**PROBLEM DESCRIPTION**
Copy the listing exactly, leaving out every picture.

**DATASET SECTION**
==========
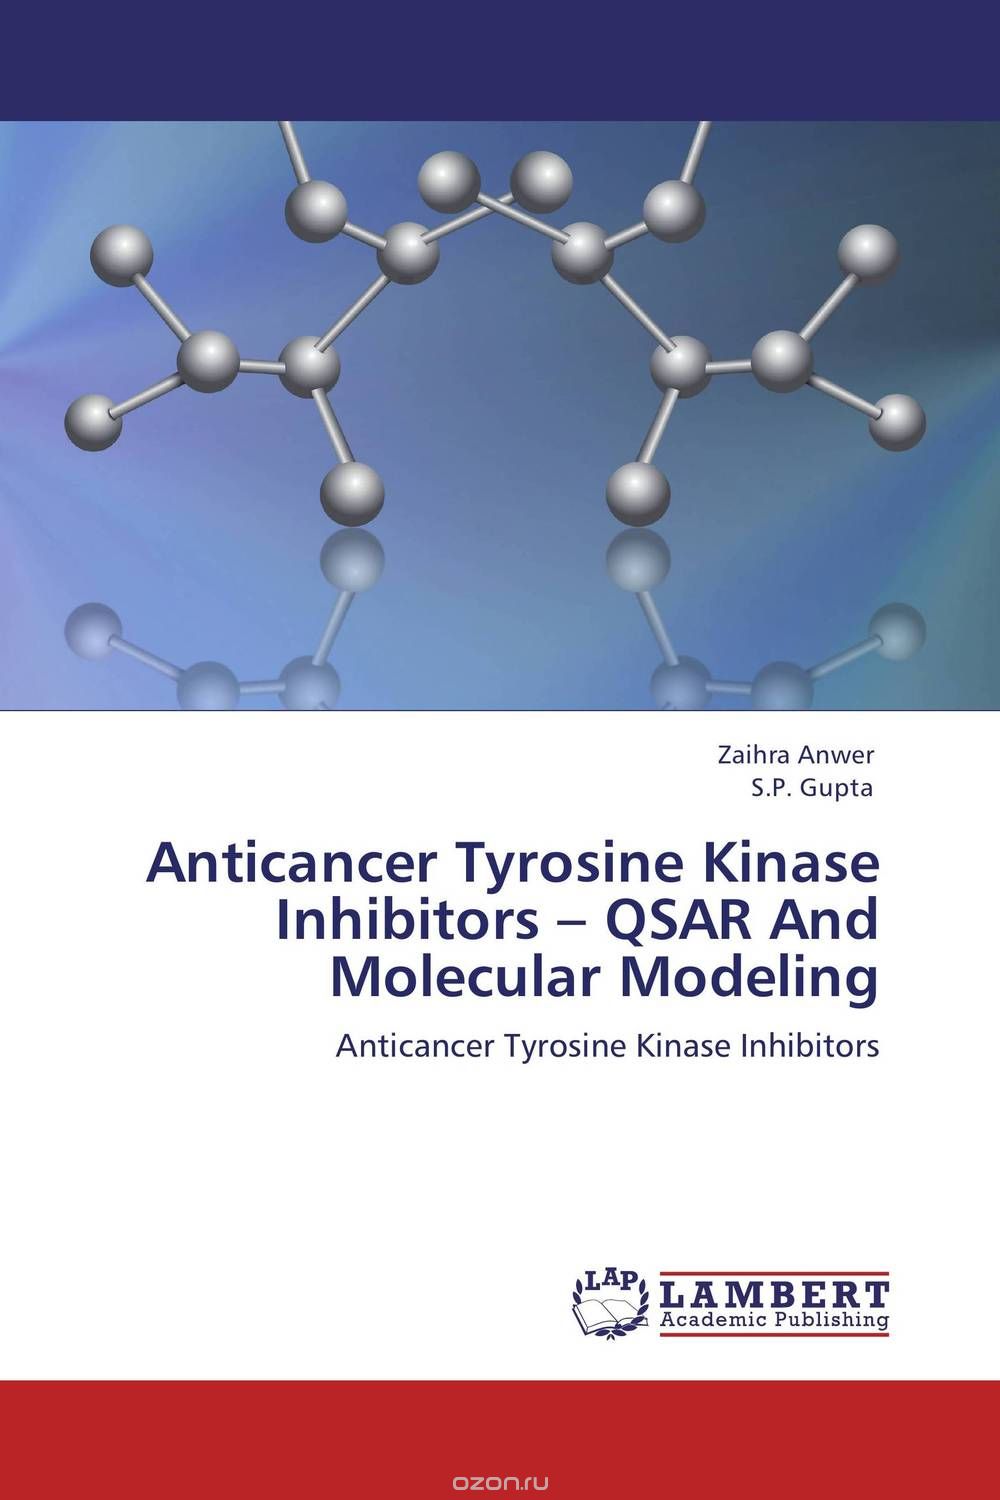 Скачать книгу "Anticancer Tyrosine Kinase Inhibitors – QSAR And Molecular Modeling"
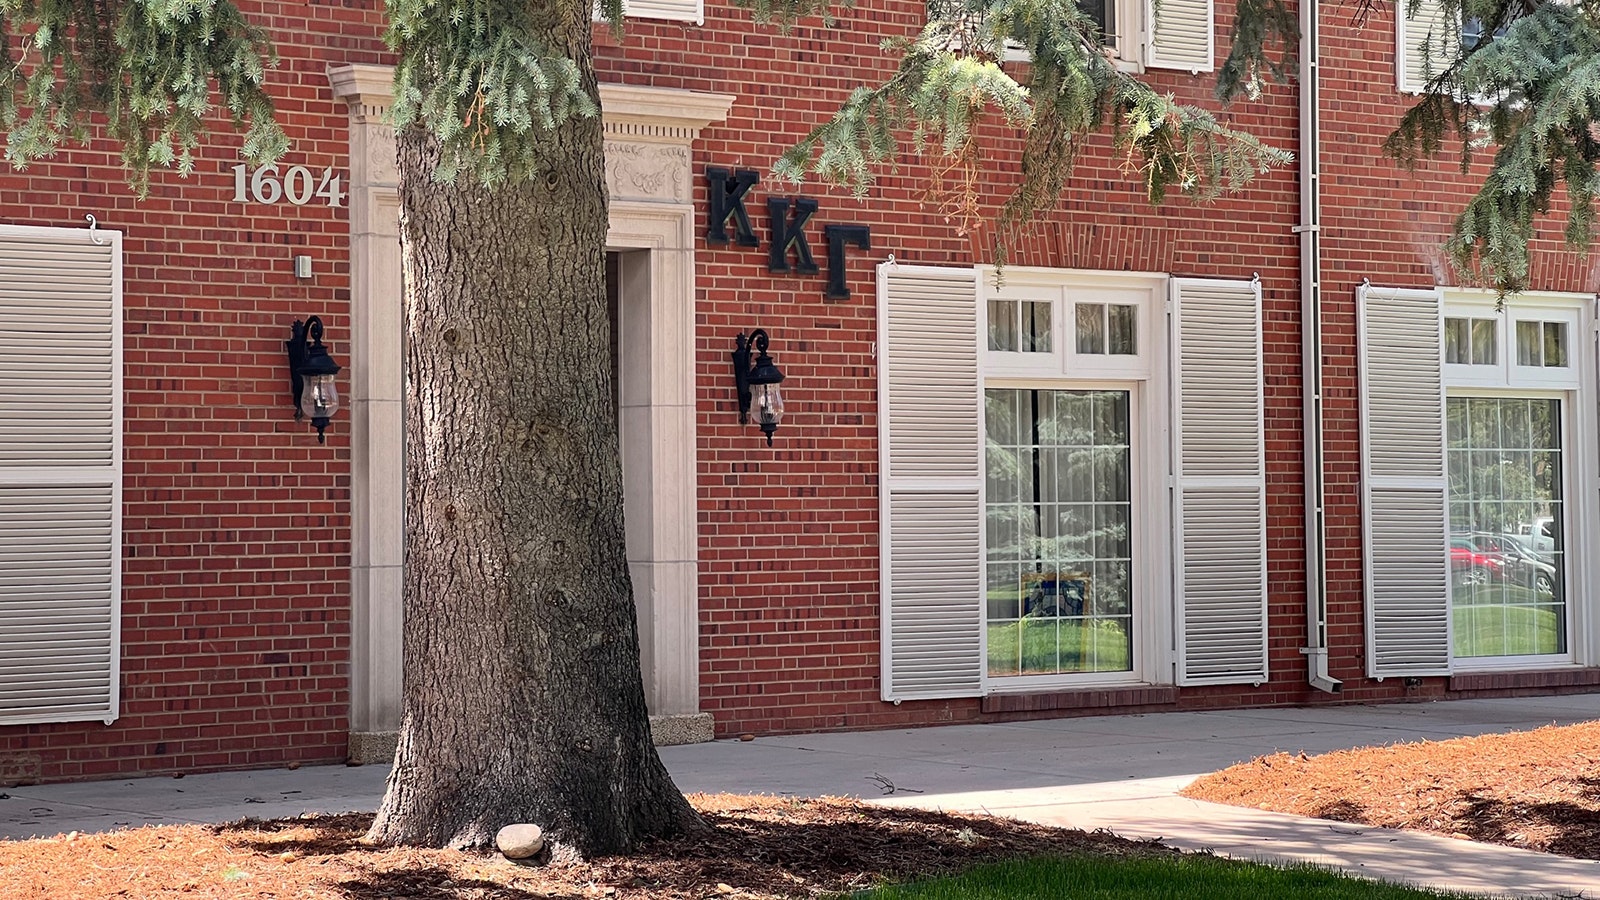 The Kappa Kappa Gamma sorority house in Laramie, Wyoming.
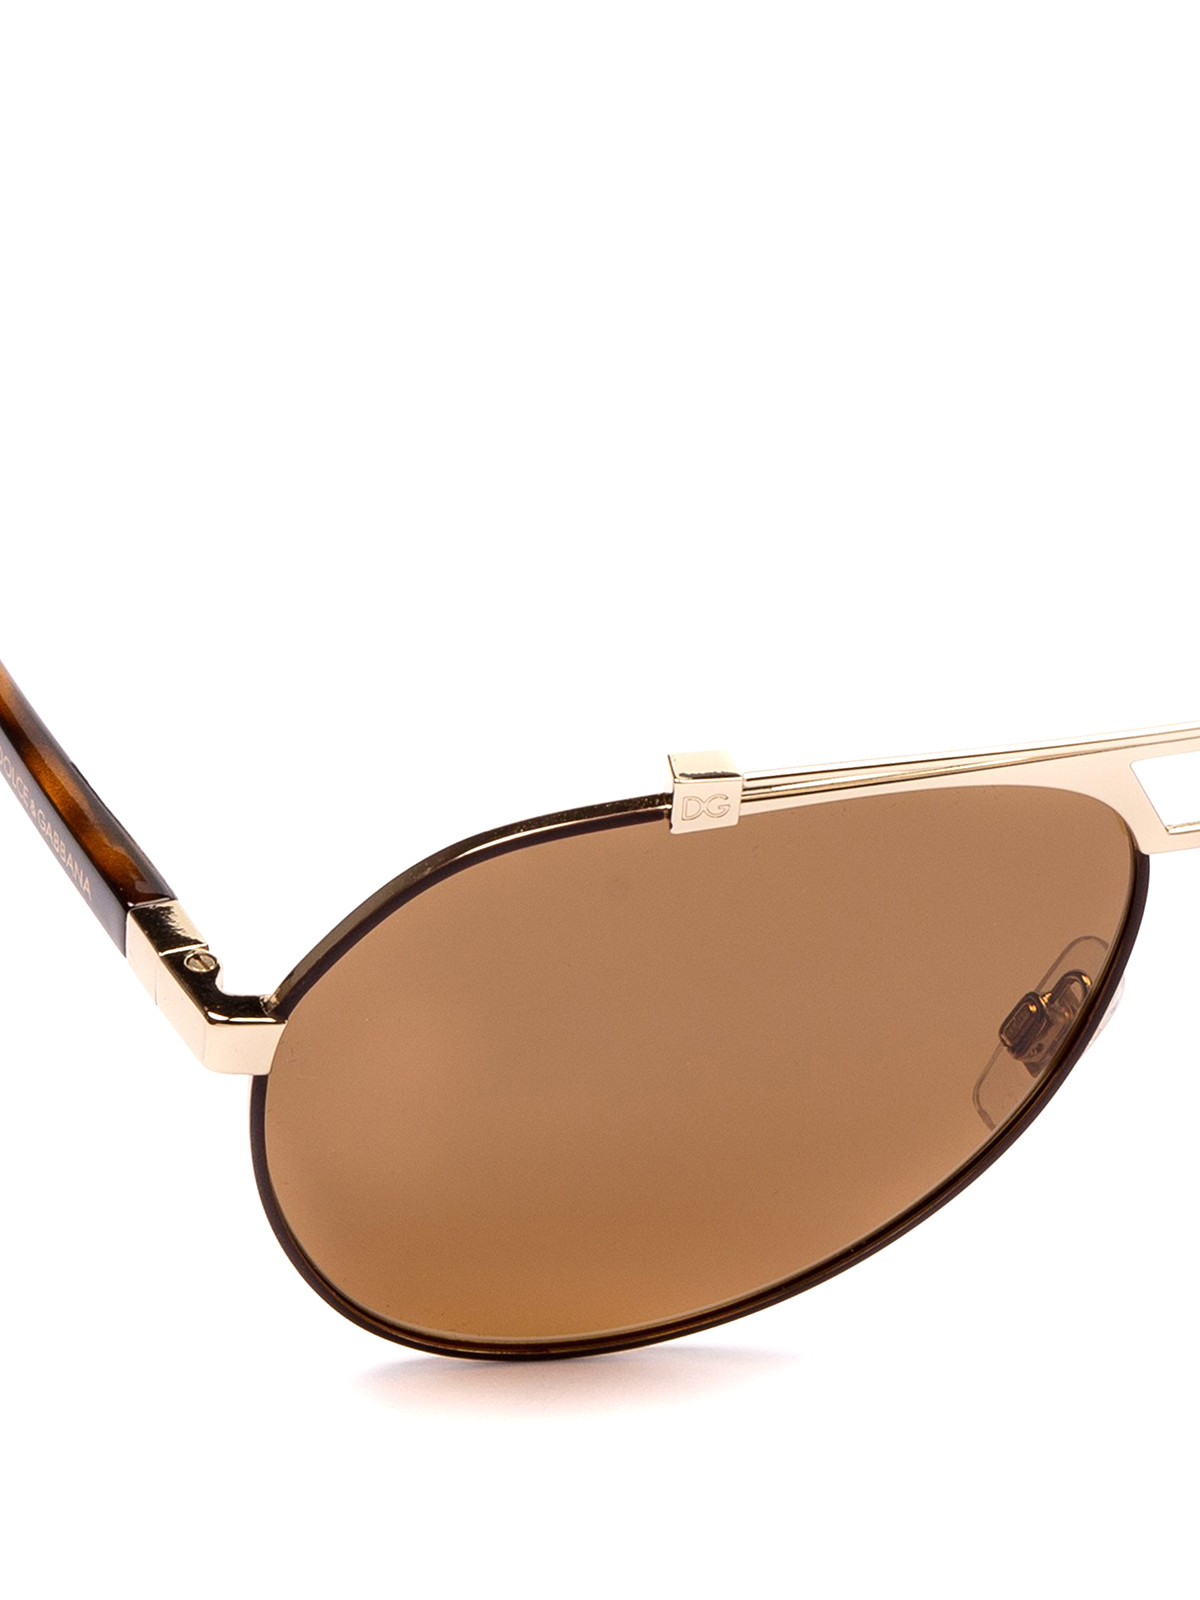 Dolce \u0026 Gabbana - Aviator sunglasses
==========
**EXERCISE SOLUTION**
 Скачать книгу "Anticancer Tyrosine Kinase Inhibitors – QSAR And Molecular Modeling"
 The Kappa Kappa Gamma sorority house in Laramie, Wyoming.
 Dolce \u0026 Gabbana - Aviator sunglasses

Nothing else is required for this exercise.